**Information supplied:**
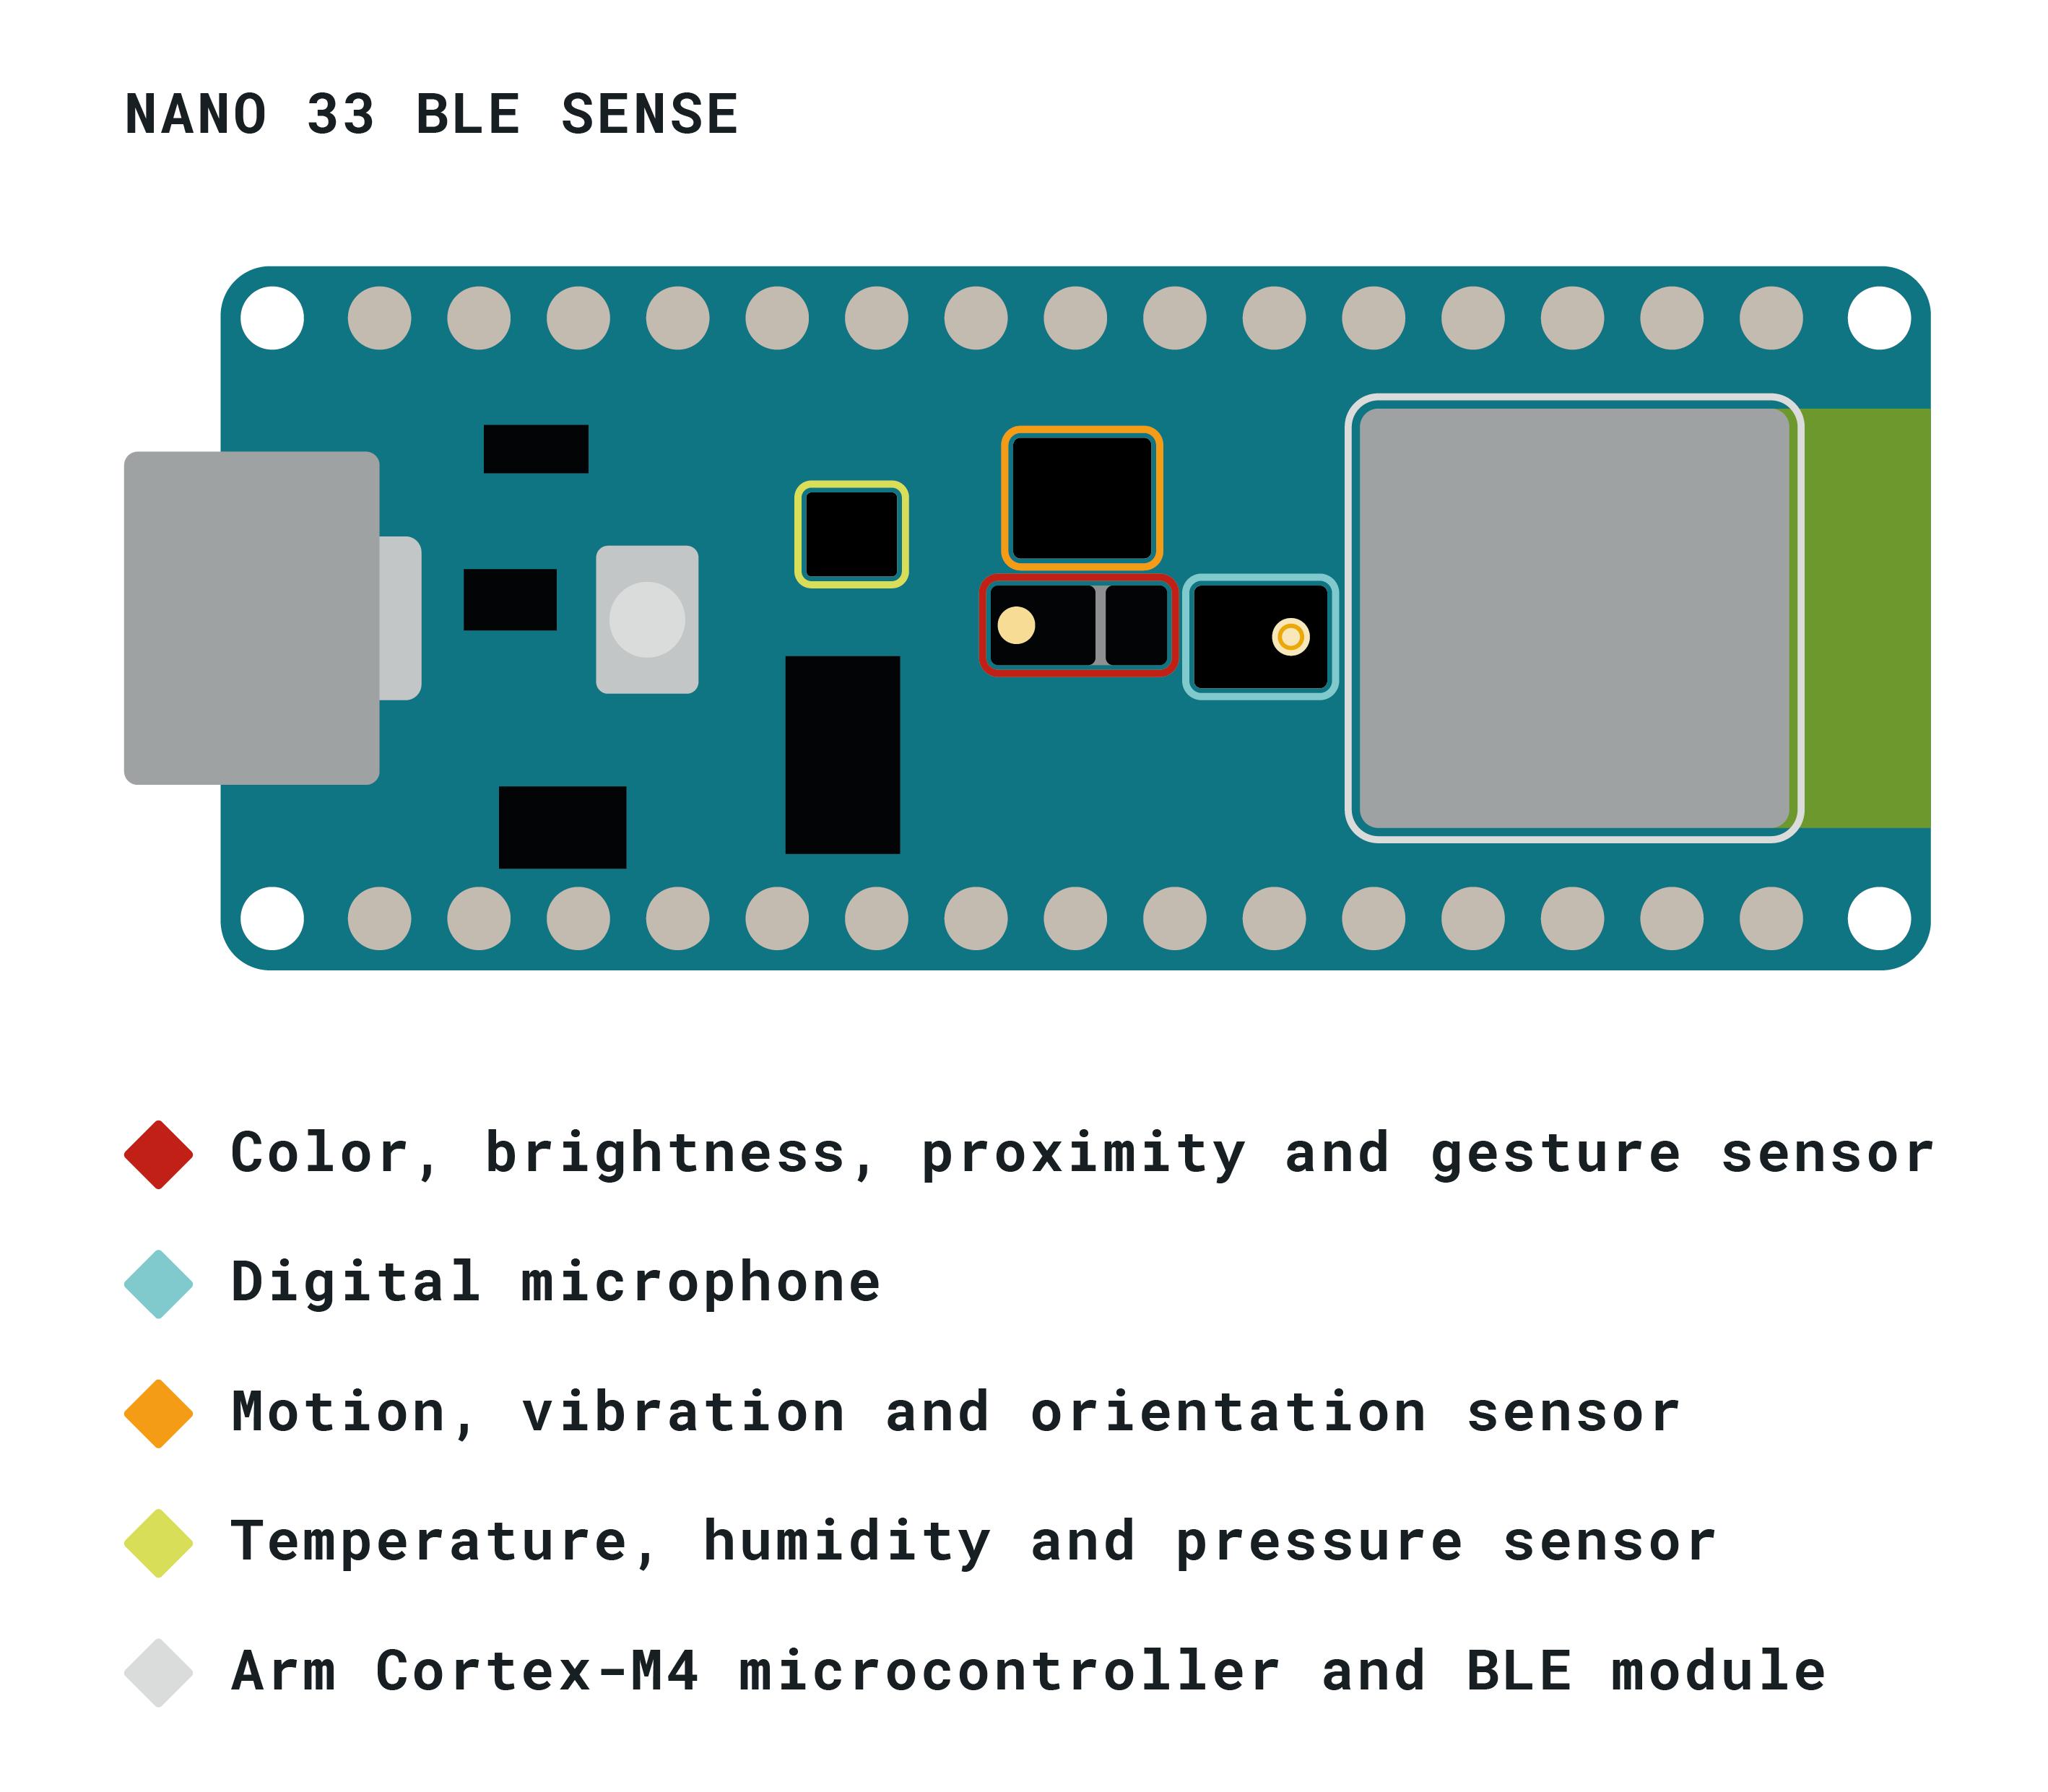 Arduino NANO 33 BLE Sense Sensors
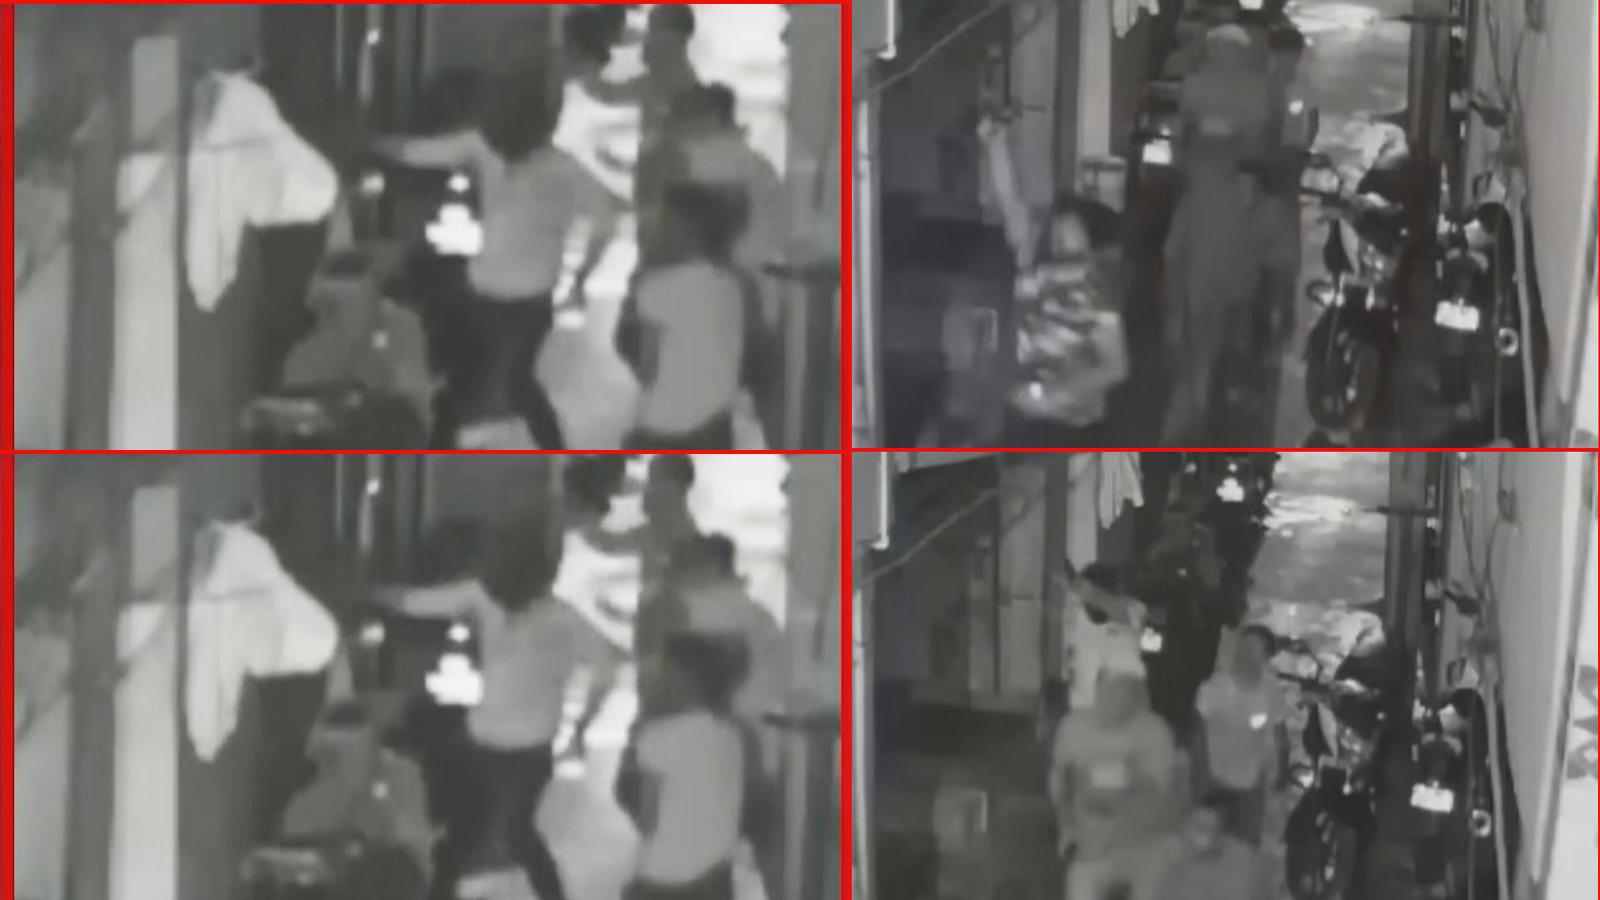 cctv-footage-goons-shot-a-man-in-delhis-jahangirpuri
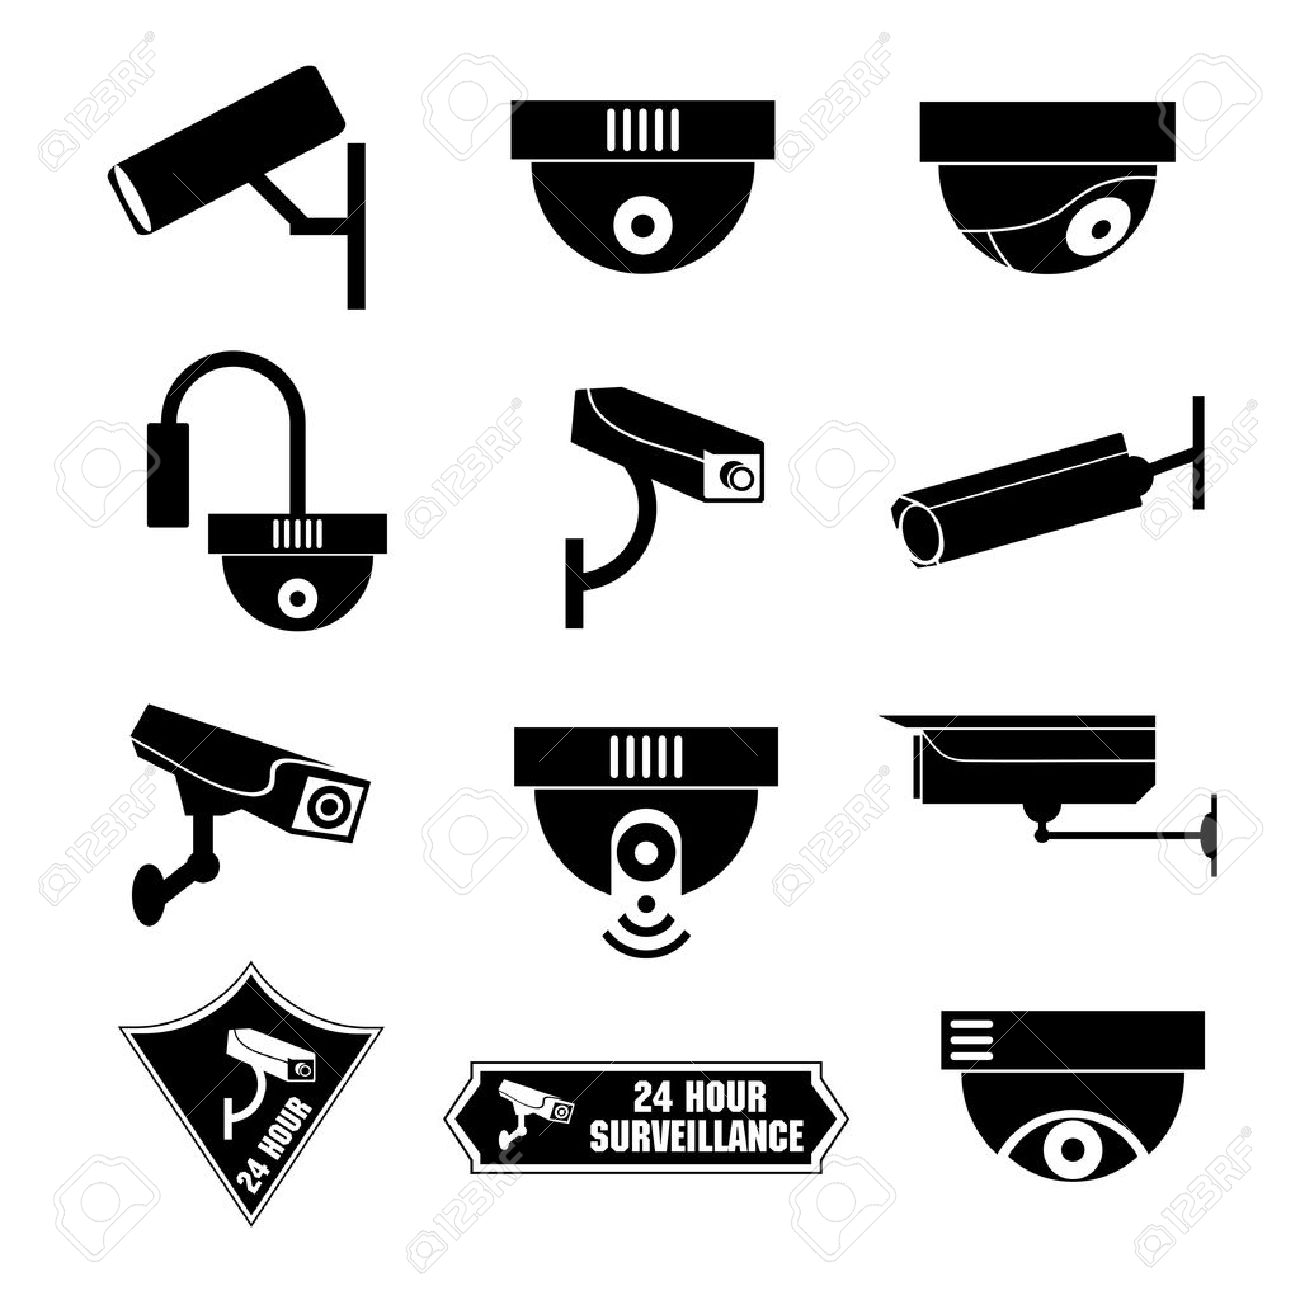 Video surveillance, cctv icon, vector illustration - 24951899
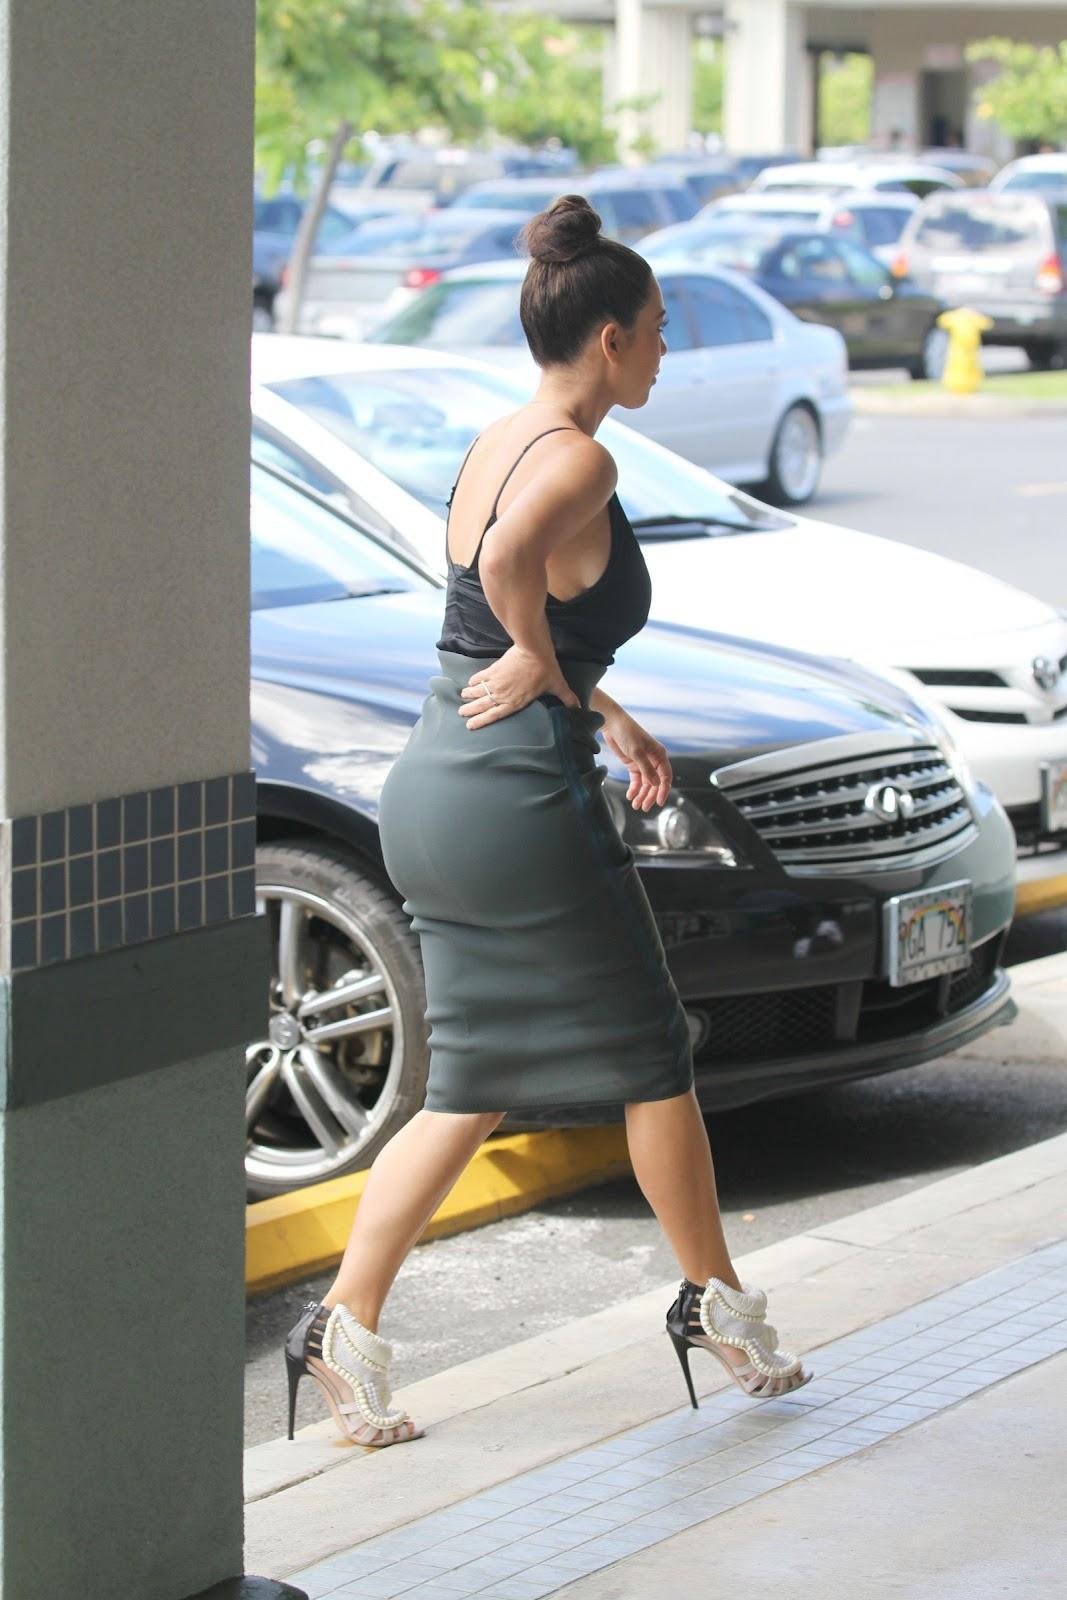 http://3.bp.blogspot.com/-q617xHsEdVw/UDCSU1dWSWI/AAAAAAAA7jc/yQHbfKxTkAo/s1600/Kim-Kardashian-27.jpg

**Work required:**
Give back each line above verbatim, dropping every picture.

**Result below:**
 Arduino NANO 33 BLE Sense Sensors
 cctv-footage-goons-shot-a-man-in-delhis-jahangirpuri
 Video surveillance, cctv icon, vector illustration - 24951899
 http://3.bp.blogspot.com/-q617xHsEdVw/UDCSU1dWSWI/AAAAAAAA7jc/yQHbfKxTkAo/s1600/Kim-Kardashian-27.jpg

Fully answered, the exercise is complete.